Department of Environmental Science, Baylor University, Waco, TX, USA.
Department of Preventive Medicine, Dankook University College of Medicine, Cheonan, Republic of Korea.
Environ Sci Pollut Res Int. 2024 May;31(24):35938-35951. doi: 10.1007/s11356-024-33567-5. Epub 2024 May 14.
This study aimed to develop an environmental risk score (ERS) of multiple pollutants (MP) causing kidney damage (KD) in Korean residents near abandoned metal mines or smelters and evaluate the association between ERS and KD by a history of occupational chemical exposure (OCE). Exposure to MP, consisting of nine metals, four polycyclic aromatic hydrocarbons, and four volatile organic compounds, was measured as urinary metabolites. The study participants were recruited from the Forensic Research via Omics Markers (FROM) study (n = 256). Beta-2-microglobulin (β2-MG), N-acetyl-β-D-glucosaminidase (NAG), and estimated glomerular filtration rate (eGFR) were used as biomarkers of KD. Bayesian kernel machine regression (BKMR) was selected as the optimal ERS model with the best performance and stability of the predicted effect size among the elastic net, adaptive elastic net, weighted quantile sum regression, BKMR, Bayesian additive regression tree, and super learner model.
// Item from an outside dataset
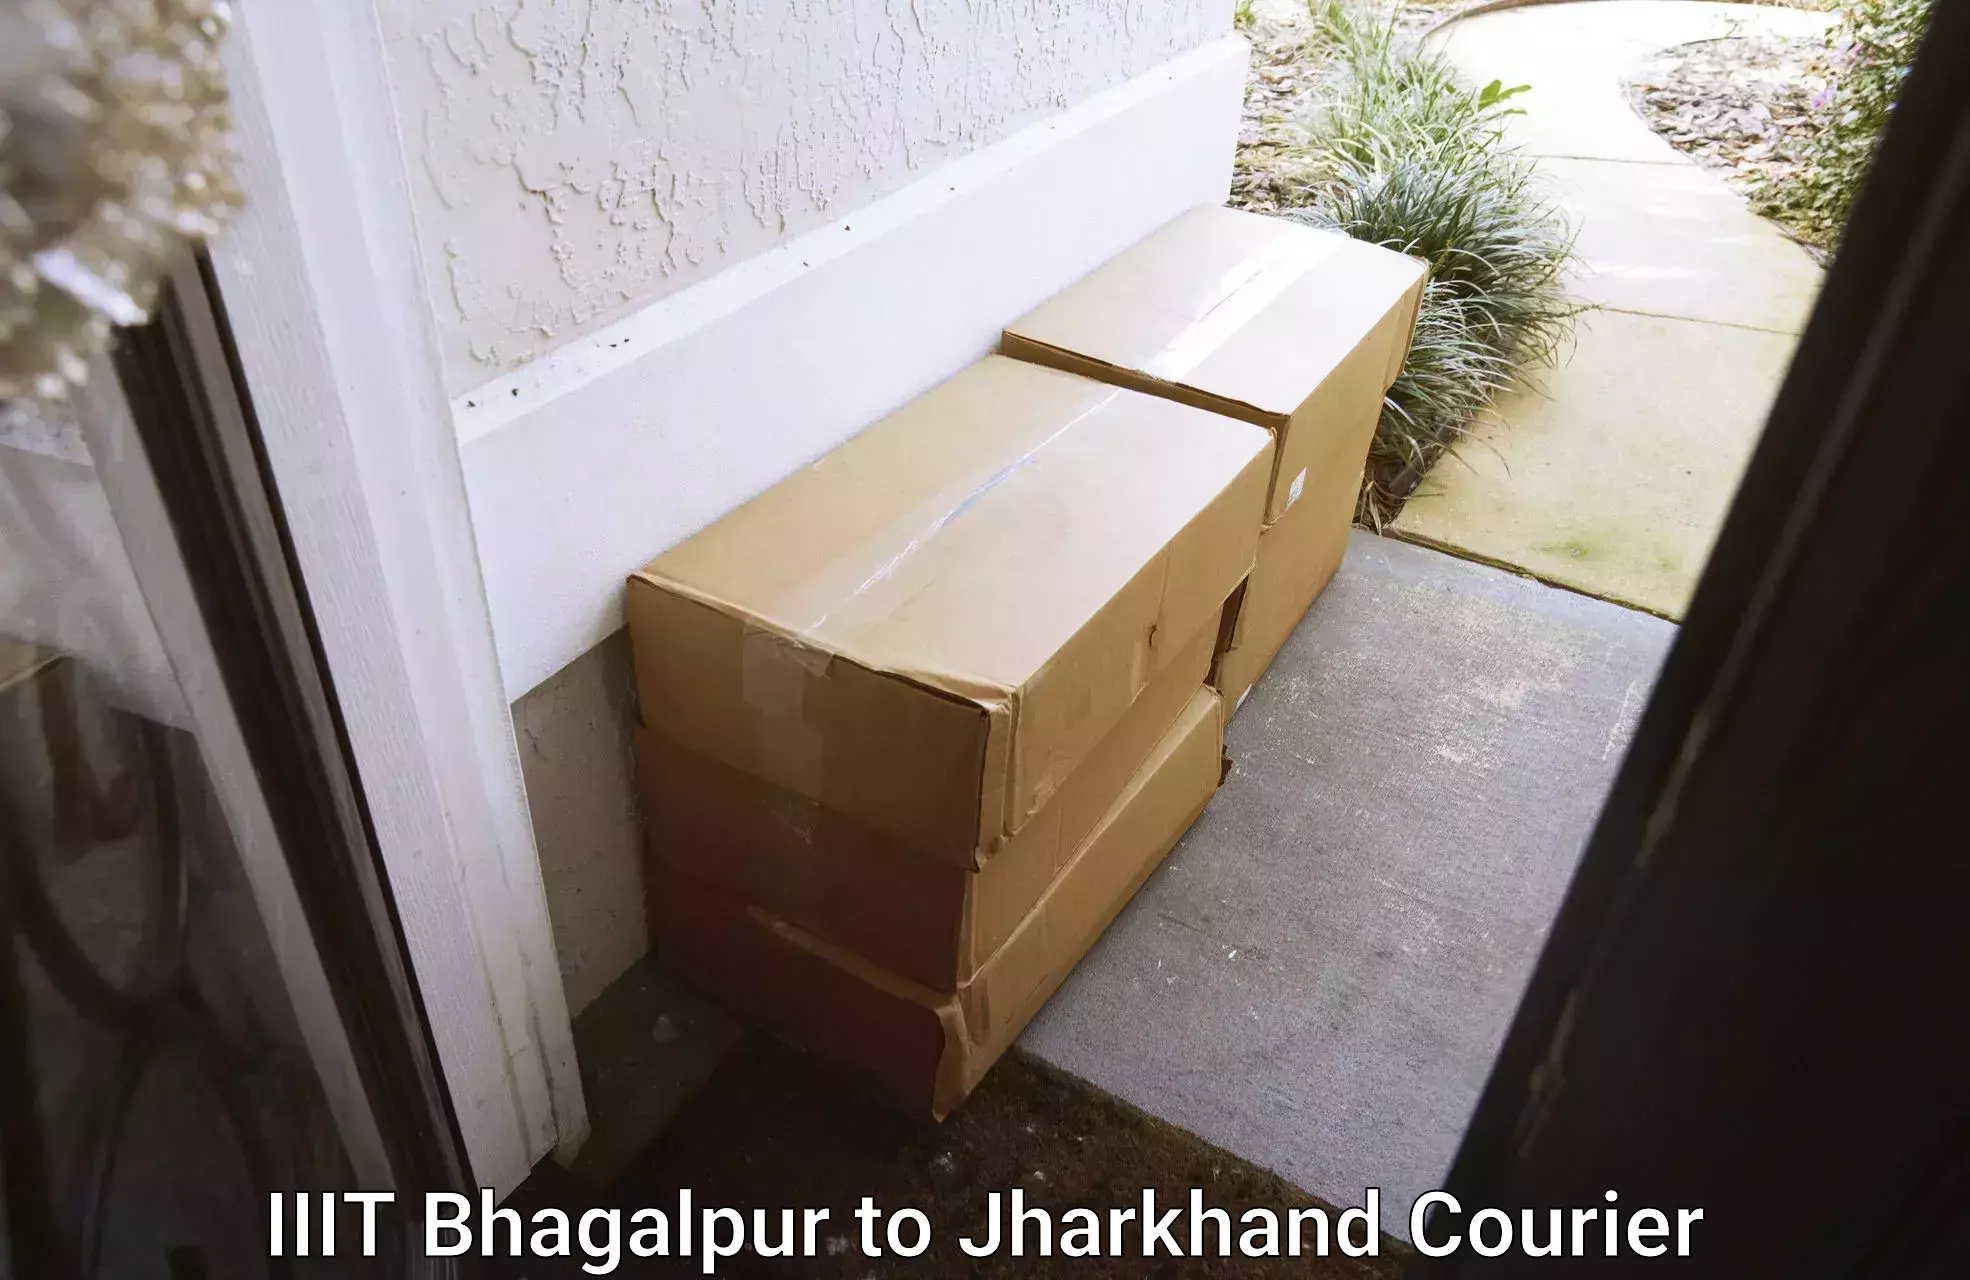 Tailored relocation services IIIT Bhagalpur to Dhanbad

Variable importance was estimated to evaluate the effects of metabolites on KD. When stratified with the history of OCE after adjusting for several confounding factors, the risks for KD were higher in the OCE group than those in the non-OCE group; the odds ratio (OR; 95% CI) for ERS in non-OCE and OCE groups were 2.97 (2.19, 4.02) and 6.43 (2.85, 14.5) for β2-MG, 1.37 (1.01, 1.86) and 4.16 (1.85, 9.39) for NAG, and 4.57 (3.37, 6.19) and 6.44 (2.85, 14.5) for eGFR, respectively. We found that the ERS stratified history of OCE was the most suitable for evaluating the association between MP and KD, and the risks were higher in the OCE group than those in the non-OCE group.
本研究旨在开发一种由多种污染物(MP)引起的肾脏损伤(KD)的环境风险评分(ERS),该污染物存在于韩国废弃金属矿山或冶炼厂附近的居民环境中,并通过职业性化学暴露(OCE)的历史来评估 ERS 与 KD 之间的关联。MP 的暴露通过测量尿液代谢物来评估,MP 由九种金属、四种多环芳烃和四种挥发性有机化合物组成。研究参与者是从法医研究通过组学标志物(FROM)研究(n=256)中招募的。β2-微球蛋白(β2-MG)、N-乙酰-β-D-氨基葡萄糖苷酶(NAG)和估算肾小球滤过率(eGFR)被用作 KD 的生物标志物。贝叶斯核机器回归(BKMR)被选为最佳 ERS 模型,在弹性网络、自适应弹性网络、加权分位数总和回归、BKMR、贝叶斯加性回归树和超级学习者模型中,该模型具有最佳的预测效果大小的性能和稳定性。通过估计变量的重要性来评估代谢物对 KD 的影响。当按 OCE 历史分层并调整几个混杂因素后,与非 OCE 组相比,OCE 组的 KD 风险更高;非 OCE 和 OCE 组 ERS 的比值比(OR;95%CI)分别为 2.97(2.19,4.02)和 6.43(2.85,14.5),β2-MG 为 1.37(1.01,1.86)和 4.16(1.85,9.39),NAG 为 4.57(3.37,6.19)和 6.44(2.85,14.5),eGFR 为 4.57(3.37,6.19)和 6.44(2.85,14.5)。我们发现,分层 OCE 历史的 ERS 最适合评估 MP 与 KD 之间的关联,并且 OCE 组的风险高于非 OCE 组。